Health Secretary Alex Azar called the new “Ready, Set, PrEP” program a “historic expansion of access to HIV prevention medication” and a “major step forward” in President Donald Trump’s Ending the HIV Epidemic plan, which was announced in February and seeks to reduce HIV transmission by 90 percent by 2030.

“Thanks to Ready, Set, PrEP, thousands of Americans who are at risk for HIV will now be able to protect themselves and their communities,” Azar said in a statement.

According to a risk index devised by the CDC, men who have sex with men should be advised to start PrEP if they have multiple risk factors, such as having more than one partner per month or being between 18 and 28. One risk factor — having condomless receptive sex once in the past six months — results in an automatic PrEP recommendation, according to the guidelines.

Azar noted that just 18 percent of the 1.2 million Americans who might benefit from HIV PrEP are actually taking the medication. That low level of access is in part because of the $2,000 monthly list price of Truvada and Descovy, the two Gilead Sciences drugs approved for HIV prevention, as well as the absence of a generic alternative. A generic version of Truvada is set to be released in September 2020.
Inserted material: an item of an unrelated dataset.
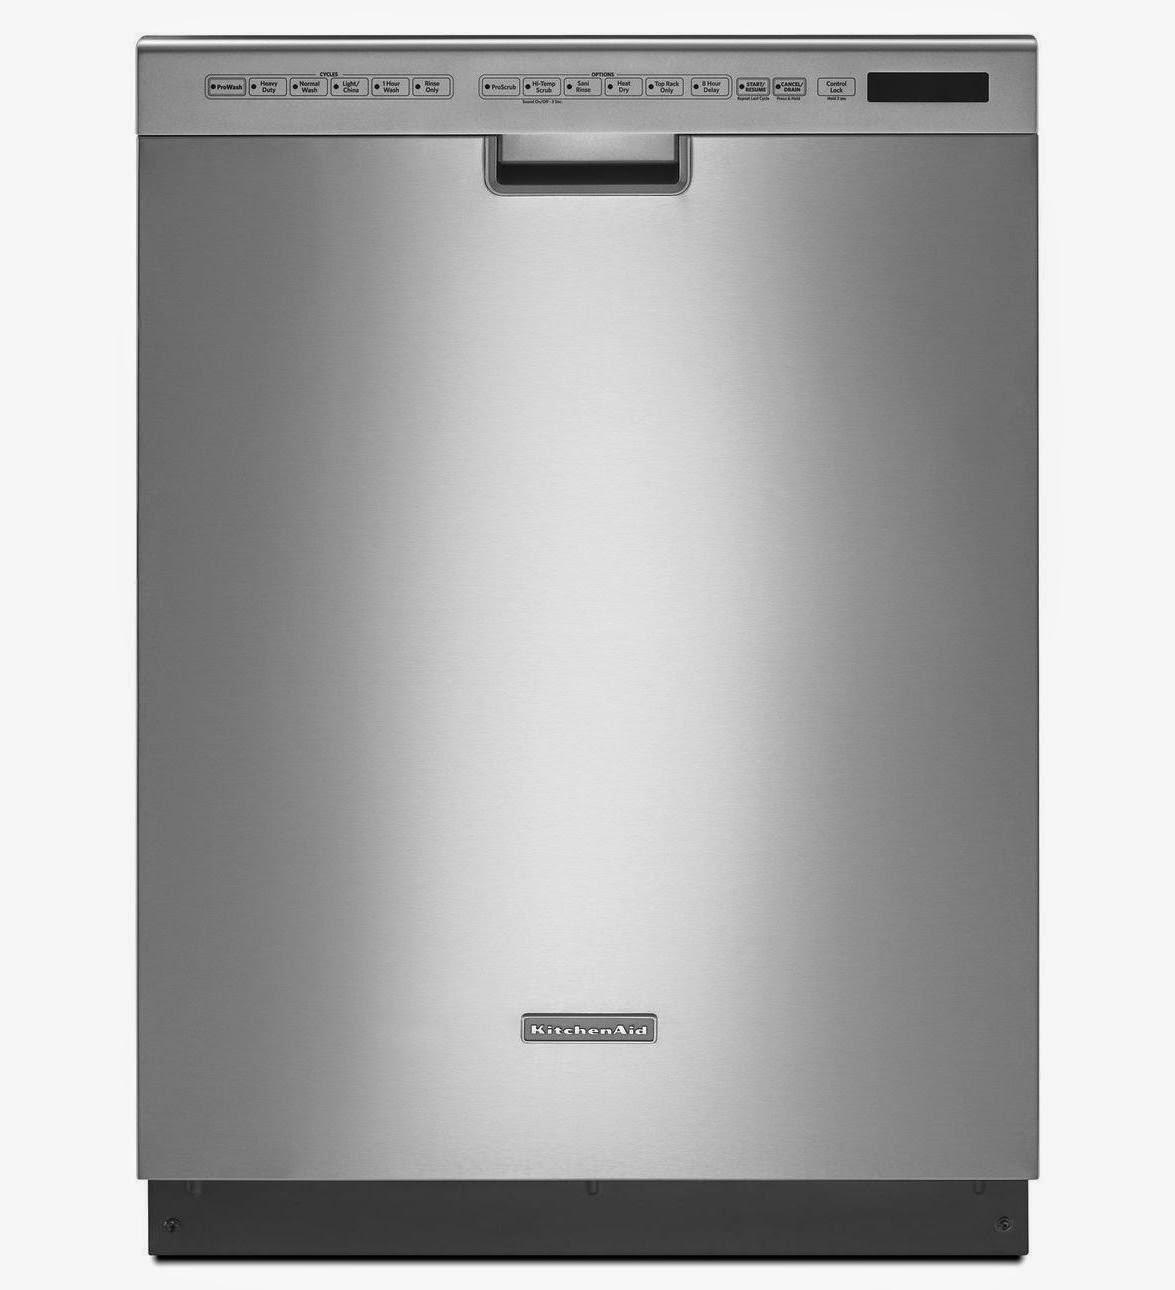 Lowes Dishwasher

Ready, Set, PrEP is the government’s distribution program for Gilead Sciences’ previously announced plan to donate 2.4 million bottles of Truvada annually. The donations, announced in May, are expected to continue until 2030.
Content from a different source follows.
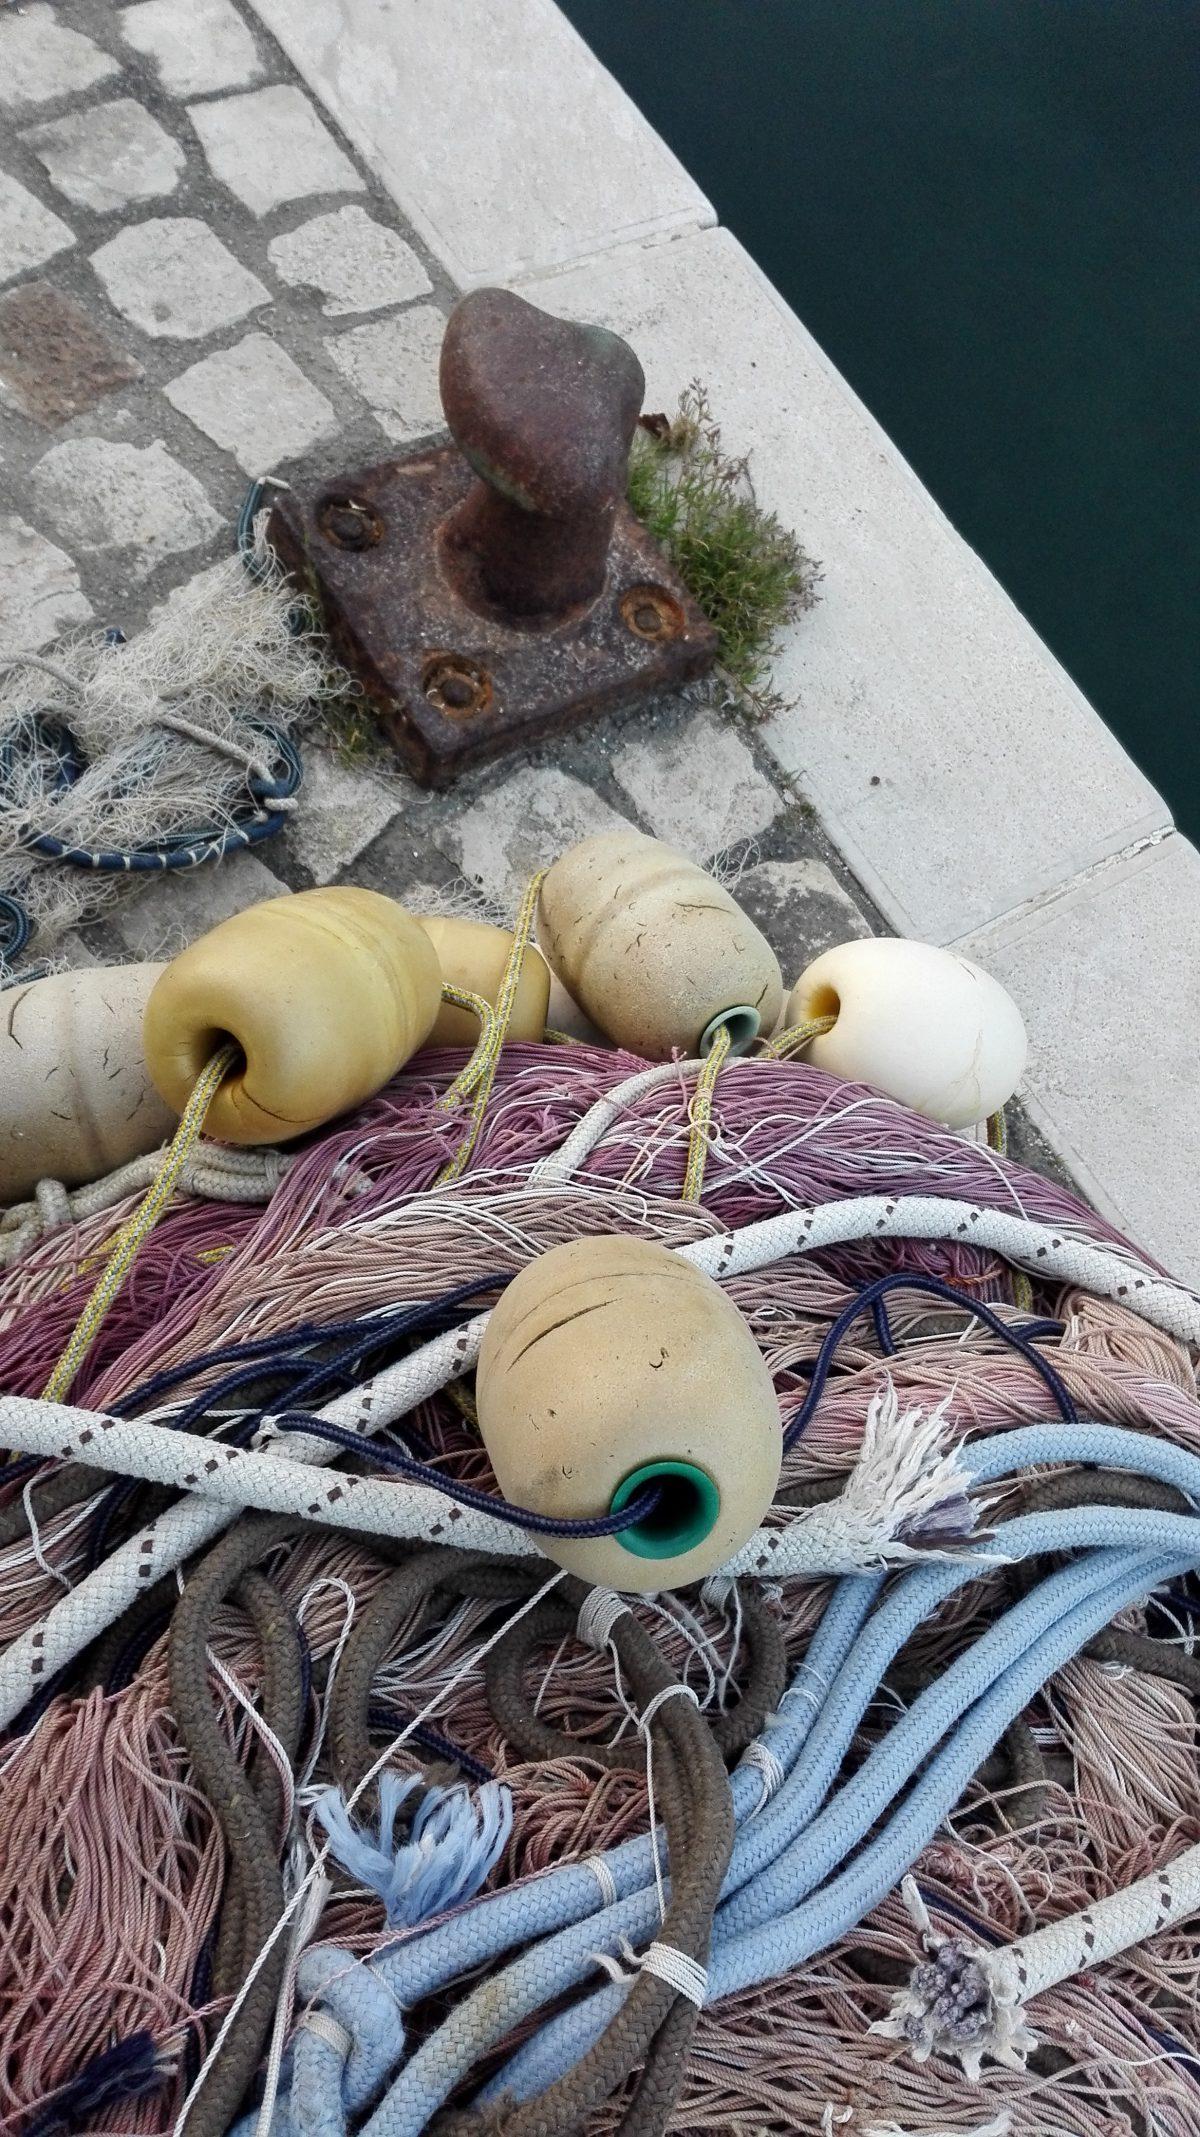 Il disordine ordinato delle reti da pesca -foto Marco Costarelli

This new national program is a win for activists, like those involved in the PrEP4All Collaboration, who have for years called for a national PrEP program to end the U.S. HIV epidemic.

However, the program has one glaring loophole: Ready, Set, PrEP does not cover the blood work required for PrEP, which advocates call “a barrier to PrEP access.”

The CDC’s 2017 PrEP provider guidelines state all sexually active PrEP users should receive multiple blood tests annually in order to initiate and continue taking PrEP. These tests can easily cost hundreds of dollars per visit, and with no federal coverage for them, it remains unclear how users would pay for them. In a conference call, Azar said community health centers could provide these tests for free, though this is not an official part of the government plan.

PrEP4All Collaboration member James Krellenstein said Ready, Set, PrEP leaves much to be desired, because it is “poised to repeat the errors of Gilead's own Medication Assistance Program, which donated free PrEP to qualified uninsured individuals, albeit on a much smaller scale.”

“Similar to the HHS program, the Medication Assistance Program did not cover lab costs or associated clinical care,” Krellenstein wrote in an email. “As a result, people who access PrEP through the Medication Association Program were found to have a statistically significant lower rate of PrEP initiation and a longer time between PrEP prescription and initiation.”

While PrEP access is weak nationwide, there are areas where it is more widely used and supported by government health care services, like New York City and San Francisco. In those municipalities, the rate of new HIV infections has declined since the introduction of PrEP and is now reaching a level where there are few HIV-positive people who are at risk of transmitting the virus and few HIV-negative people who are at risk of contracting it.

HHS launched a website — — and a telephone number — 855-447-8410 — to help guide potential patients to PrEP resources.

Correction: A previous version of this story incorrectly stated the percentage of at-risk people who are using PrEP. It is 18 percent, not 1.8 percent.